+++ Source material

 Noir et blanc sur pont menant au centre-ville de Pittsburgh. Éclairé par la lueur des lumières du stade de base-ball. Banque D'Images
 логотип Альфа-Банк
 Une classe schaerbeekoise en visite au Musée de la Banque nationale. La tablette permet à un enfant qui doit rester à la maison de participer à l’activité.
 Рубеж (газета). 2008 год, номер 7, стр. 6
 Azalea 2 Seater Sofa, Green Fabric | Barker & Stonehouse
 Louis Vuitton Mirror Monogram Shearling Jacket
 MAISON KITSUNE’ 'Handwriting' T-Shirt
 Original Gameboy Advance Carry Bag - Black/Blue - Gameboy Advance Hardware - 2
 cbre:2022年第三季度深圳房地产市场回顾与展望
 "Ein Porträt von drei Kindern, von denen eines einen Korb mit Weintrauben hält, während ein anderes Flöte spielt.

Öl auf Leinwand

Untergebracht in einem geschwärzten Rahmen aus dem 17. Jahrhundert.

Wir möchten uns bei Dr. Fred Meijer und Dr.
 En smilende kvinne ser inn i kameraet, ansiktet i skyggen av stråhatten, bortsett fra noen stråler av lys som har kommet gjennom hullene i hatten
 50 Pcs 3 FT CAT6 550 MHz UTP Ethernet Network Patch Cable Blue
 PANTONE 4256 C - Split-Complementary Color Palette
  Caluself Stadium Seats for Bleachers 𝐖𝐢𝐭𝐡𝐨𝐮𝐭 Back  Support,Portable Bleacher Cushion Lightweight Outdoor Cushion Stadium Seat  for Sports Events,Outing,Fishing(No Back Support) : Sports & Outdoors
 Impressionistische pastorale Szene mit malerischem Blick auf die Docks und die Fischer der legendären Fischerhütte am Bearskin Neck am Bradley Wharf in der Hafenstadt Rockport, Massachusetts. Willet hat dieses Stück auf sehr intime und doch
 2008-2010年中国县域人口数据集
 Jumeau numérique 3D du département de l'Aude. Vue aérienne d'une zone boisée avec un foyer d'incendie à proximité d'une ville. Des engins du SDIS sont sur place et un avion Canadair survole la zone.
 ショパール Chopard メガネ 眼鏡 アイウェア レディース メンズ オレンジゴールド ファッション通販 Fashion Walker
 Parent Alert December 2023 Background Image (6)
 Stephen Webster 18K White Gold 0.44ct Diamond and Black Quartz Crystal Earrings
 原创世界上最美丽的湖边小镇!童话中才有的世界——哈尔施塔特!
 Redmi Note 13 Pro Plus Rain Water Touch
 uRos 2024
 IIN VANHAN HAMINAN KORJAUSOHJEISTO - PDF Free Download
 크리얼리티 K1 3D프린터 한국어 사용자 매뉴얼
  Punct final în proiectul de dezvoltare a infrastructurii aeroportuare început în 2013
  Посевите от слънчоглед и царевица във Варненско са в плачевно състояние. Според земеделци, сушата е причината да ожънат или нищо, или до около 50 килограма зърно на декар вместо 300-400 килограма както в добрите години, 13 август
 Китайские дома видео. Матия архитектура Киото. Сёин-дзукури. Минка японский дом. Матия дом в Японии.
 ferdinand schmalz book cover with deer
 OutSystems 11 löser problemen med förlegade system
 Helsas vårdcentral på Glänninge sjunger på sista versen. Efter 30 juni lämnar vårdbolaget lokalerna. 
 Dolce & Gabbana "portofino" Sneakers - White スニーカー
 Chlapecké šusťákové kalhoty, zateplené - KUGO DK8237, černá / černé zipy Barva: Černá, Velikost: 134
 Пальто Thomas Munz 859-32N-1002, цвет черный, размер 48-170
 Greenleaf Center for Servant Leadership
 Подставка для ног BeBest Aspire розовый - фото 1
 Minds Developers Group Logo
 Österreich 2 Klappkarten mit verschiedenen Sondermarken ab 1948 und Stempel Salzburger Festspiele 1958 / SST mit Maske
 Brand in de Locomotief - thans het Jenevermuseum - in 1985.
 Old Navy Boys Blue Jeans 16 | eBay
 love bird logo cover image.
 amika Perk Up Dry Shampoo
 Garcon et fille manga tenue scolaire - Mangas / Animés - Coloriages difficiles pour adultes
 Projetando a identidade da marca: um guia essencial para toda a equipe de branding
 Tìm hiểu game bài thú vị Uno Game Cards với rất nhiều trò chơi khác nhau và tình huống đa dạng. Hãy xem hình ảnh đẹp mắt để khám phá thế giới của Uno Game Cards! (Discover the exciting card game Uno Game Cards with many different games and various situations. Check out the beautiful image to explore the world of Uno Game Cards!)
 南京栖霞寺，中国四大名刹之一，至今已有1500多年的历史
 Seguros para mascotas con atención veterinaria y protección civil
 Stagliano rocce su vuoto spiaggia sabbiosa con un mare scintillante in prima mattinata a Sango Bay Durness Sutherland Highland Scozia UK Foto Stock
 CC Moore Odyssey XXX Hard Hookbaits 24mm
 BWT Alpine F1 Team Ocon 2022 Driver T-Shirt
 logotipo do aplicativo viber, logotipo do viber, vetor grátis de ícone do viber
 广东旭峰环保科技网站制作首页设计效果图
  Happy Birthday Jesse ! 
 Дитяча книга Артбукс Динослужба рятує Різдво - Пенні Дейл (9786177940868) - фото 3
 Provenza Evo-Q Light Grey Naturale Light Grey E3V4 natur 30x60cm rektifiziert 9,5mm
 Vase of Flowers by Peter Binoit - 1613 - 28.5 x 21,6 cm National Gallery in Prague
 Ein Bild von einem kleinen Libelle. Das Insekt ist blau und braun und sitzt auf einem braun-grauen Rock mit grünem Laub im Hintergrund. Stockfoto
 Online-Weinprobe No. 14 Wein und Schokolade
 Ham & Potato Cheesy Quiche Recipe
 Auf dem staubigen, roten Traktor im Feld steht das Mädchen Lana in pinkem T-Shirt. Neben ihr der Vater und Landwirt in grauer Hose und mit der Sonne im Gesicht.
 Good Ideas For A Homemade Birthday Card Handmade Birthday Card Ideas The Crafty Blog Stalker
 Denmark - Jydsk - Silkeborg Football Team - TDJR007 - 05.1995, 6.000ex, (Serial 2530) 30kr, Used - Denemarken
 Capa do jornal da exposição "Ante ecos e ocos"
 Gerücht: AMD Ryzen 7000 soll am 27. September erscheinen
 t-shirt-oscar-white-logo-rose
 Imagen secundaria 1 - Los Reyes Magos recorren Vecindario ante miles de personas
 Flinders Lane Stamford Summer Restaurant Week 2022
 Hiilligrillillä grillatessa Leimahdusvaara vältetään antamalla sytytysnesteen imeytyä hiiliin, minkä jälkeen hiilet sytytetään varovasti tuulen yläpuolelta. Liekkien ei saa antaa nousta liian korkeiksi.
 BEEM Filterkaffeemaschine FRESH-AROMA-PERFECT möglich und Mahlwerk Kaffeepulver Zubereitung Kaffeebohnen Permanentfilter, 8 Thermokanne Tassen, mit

++++++

# Directions for this task:
Transcribe the records above from the line holding "Une classe schaerbeekoise" down to the line holding "Caluself Stadium Seats", inclusive, without adding anything.

# Final answer:
 Une classe schaerbeekoise en visite au Musée de la Banque nationale. La tablette permet à un enfant qui doit rester à la maison de participer à l’activité.
 Рубеж (газета). 2008 год, номер 7, стр. 6
 Azalea 2 Seater Sofa, Green Fabric | Barker & Stonehouse
 Louis Vuitton Mirror Monogram Shearling Jacket
 MAISON KITSUNE’ 'Handwriting' T-Shirt
 Original Gameboy Advance Carry Bag - Black/Blue - Gameboy Advance Hardware - 2
 cbre:2022年第三季度深圳房地产市场回顾与展望
 "Ein Porträt von drei Kindern, von denen eines einen Korb mit Weintrauben hält, während ein anderes Flöte spielt.

Öl auf Leinwand

Untergebracht in einem geschwärzten Rahmen aus dem 17. Jahrhundert.

Wir möchten uns bei Dr. Fred Meijer und Dr.
 En smilende kvinne ser inn i kameraet, ansiktet i skyggen av stråhatten, bortsett fra noen stråler av lys som har kommet gjennom hullene i hatten
 50 Pcs 3 FT CAT6 550 MHz UTP Ethernet Network Patch Cable Blue
 PANTONE 4256 C - Split-Complementary Color Palette
  Caluself Stadium Seats for Bleachers 𝐖𝐢𝐭𝐡𝐨𝐮𝐭 Back  Support,Portable Bleacher Cushion Lightweight Outdoor Cushion Stadium Seat  for Sports Events,Outing,Fishing(No Back Support) : Sports & Outdoors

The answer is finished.